Ovotesticular disorder
Ovotesticular disorder denotes the presence of both ovarian and testicular tissue in the same patient. There may be an ovary on one side and a testis on the other or, more commonly, ovotestes situated bilaterally or unilaterally. The differentiation of the genital tract, the appearance of the external genitalia, and the development of secondary sexual characteristics are all variable. This depends on relative gene expression and hormone secretion, and histology of the gonads can include a mixture of ovarian and testicular tissue. The external genitalia are often ambiguous, but a uterus is almost invariably present, and 60% of patients have a 46,XX karyotype. Pregnancy is possible [41].
Structural developmental defects
Vagina
Vaginal agenesis (Müllerian agenesis)
The Mayer–Rokitansky–Küster–Hauser (MRKH) syndrome is the commonest form of Müllerian agenesis, occurring in about 1 in 4500 newborn females. The uterus, cervix, and upper vagina are absent in otherwise phenotypically normal 46,XX females. It presents at puberty when amenorrhoea is investigated. The vulva appears normal, but a short, blind‐ending vagina is found. MRKH type 1 affects only the upper reproductive tract, but type 2 is associated with renal (40‐60%), skeletal and, rarely, cardiac and hearing abnormalities [42,43]. Most cases appear to be sporadic but familial cases are described, and various associated genetic abnormalities have been studied [44,45].
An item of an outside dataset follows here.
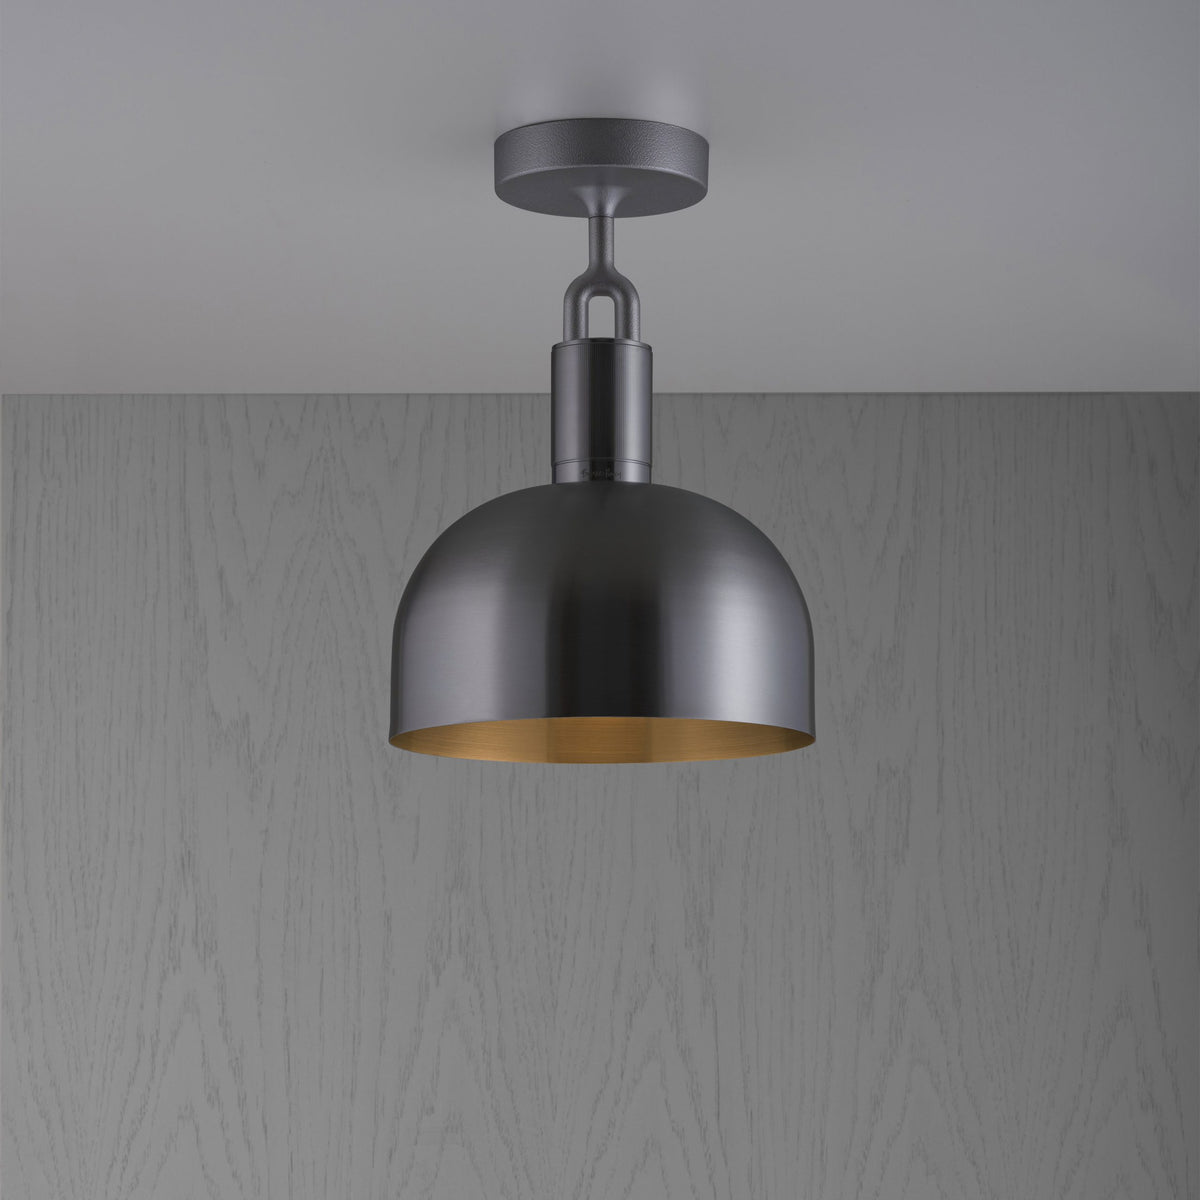 Buster + Punch - NFC-863223 - Forked Ceiling - Shade - Forked - Gun Metal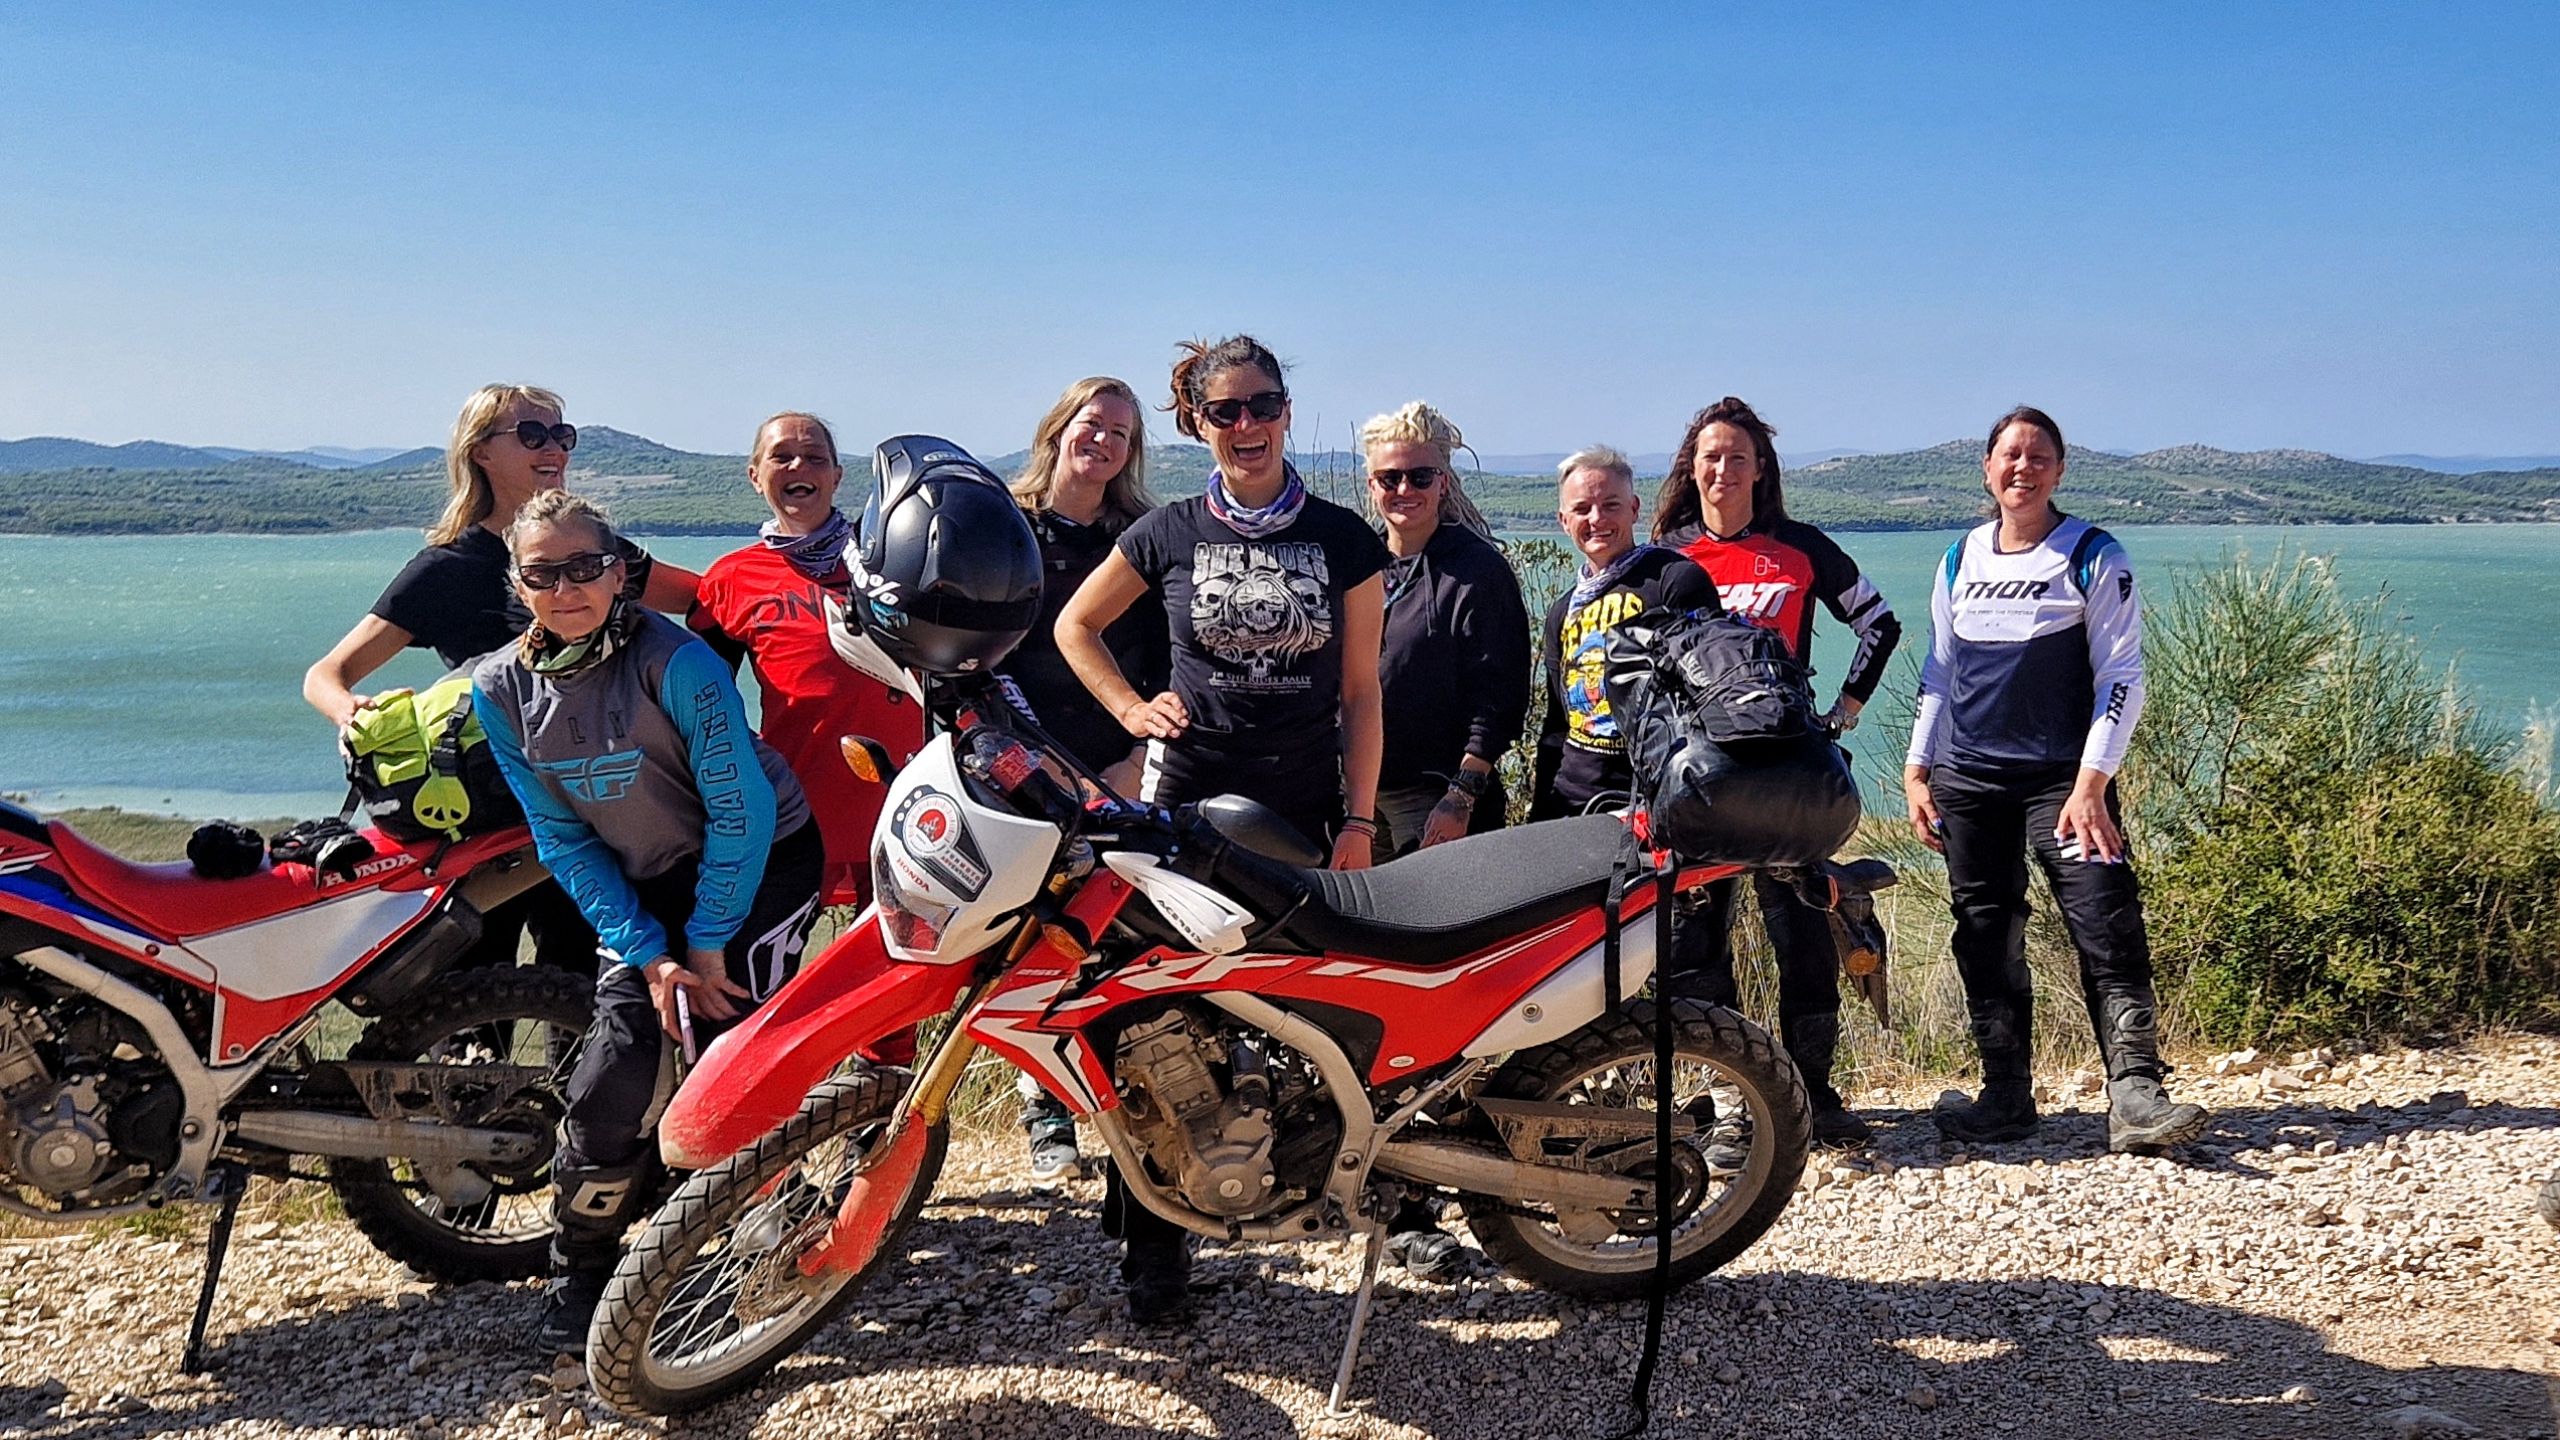 Funmoto ADVentures sightseeing 4 day only womens motorcycle tour in Croatia woken riders

Management of these patients requires a specialist multidisciplinary approach with expert psychological counselling and management advice [46]. The long‐standing technique described by Frank [47] of regular dilatation can create a neovagina in 95% of cases [48]. Several surgical techniques for vaginoplasty have been used with varying success, but sexual satisfaction is better with a non‐surgical approach.
Vaginal atresia
If the urogenital sinus fails to form the inferior portion of the vagina, then the lower vagina is replaced by fibrous tissue, and there can be an overlap with transverse vaginal septa. Most patients present at puberty with amenorrhoea. Associated anomalies of the cervix and uterus can exist [49,50], and surgical correction must be done on an individual basis by specialist teams [51]. A loss of function mutation of the TBX6 gene was found in one patient with distal vaginal atresia [52].
A degree of vaginal atresia can be part of complex anomalies including MRKH, Bardet–Biedl syndrome, McKusick‐Kaufman syndrome, Fraser syndrome [53], and Winter syndrome [54]. There is important overlap between Bardet–Biedl and McKusick‐Kaufman syndromes, and they cannot be reliably diagnosed at birth as the ophthalmic complications of Bardet–Biedl may manifest later [55].
Vaginal septa
Septa may be transverse or longitudinal. Transverse vaginal septa are generally located at the junction of the upper third and lower two‐thirds of the vagina. They are probably caused by failure of either the Müllerian duct or urogenital sinus contributions to the vagina to cavitate completely so they can occur at any level. It is inherited as an autosomal recessive trait in the Amish community [56]. Presentation is usually at puberty with retained menstrual products or a continuous vaginal discharge [57].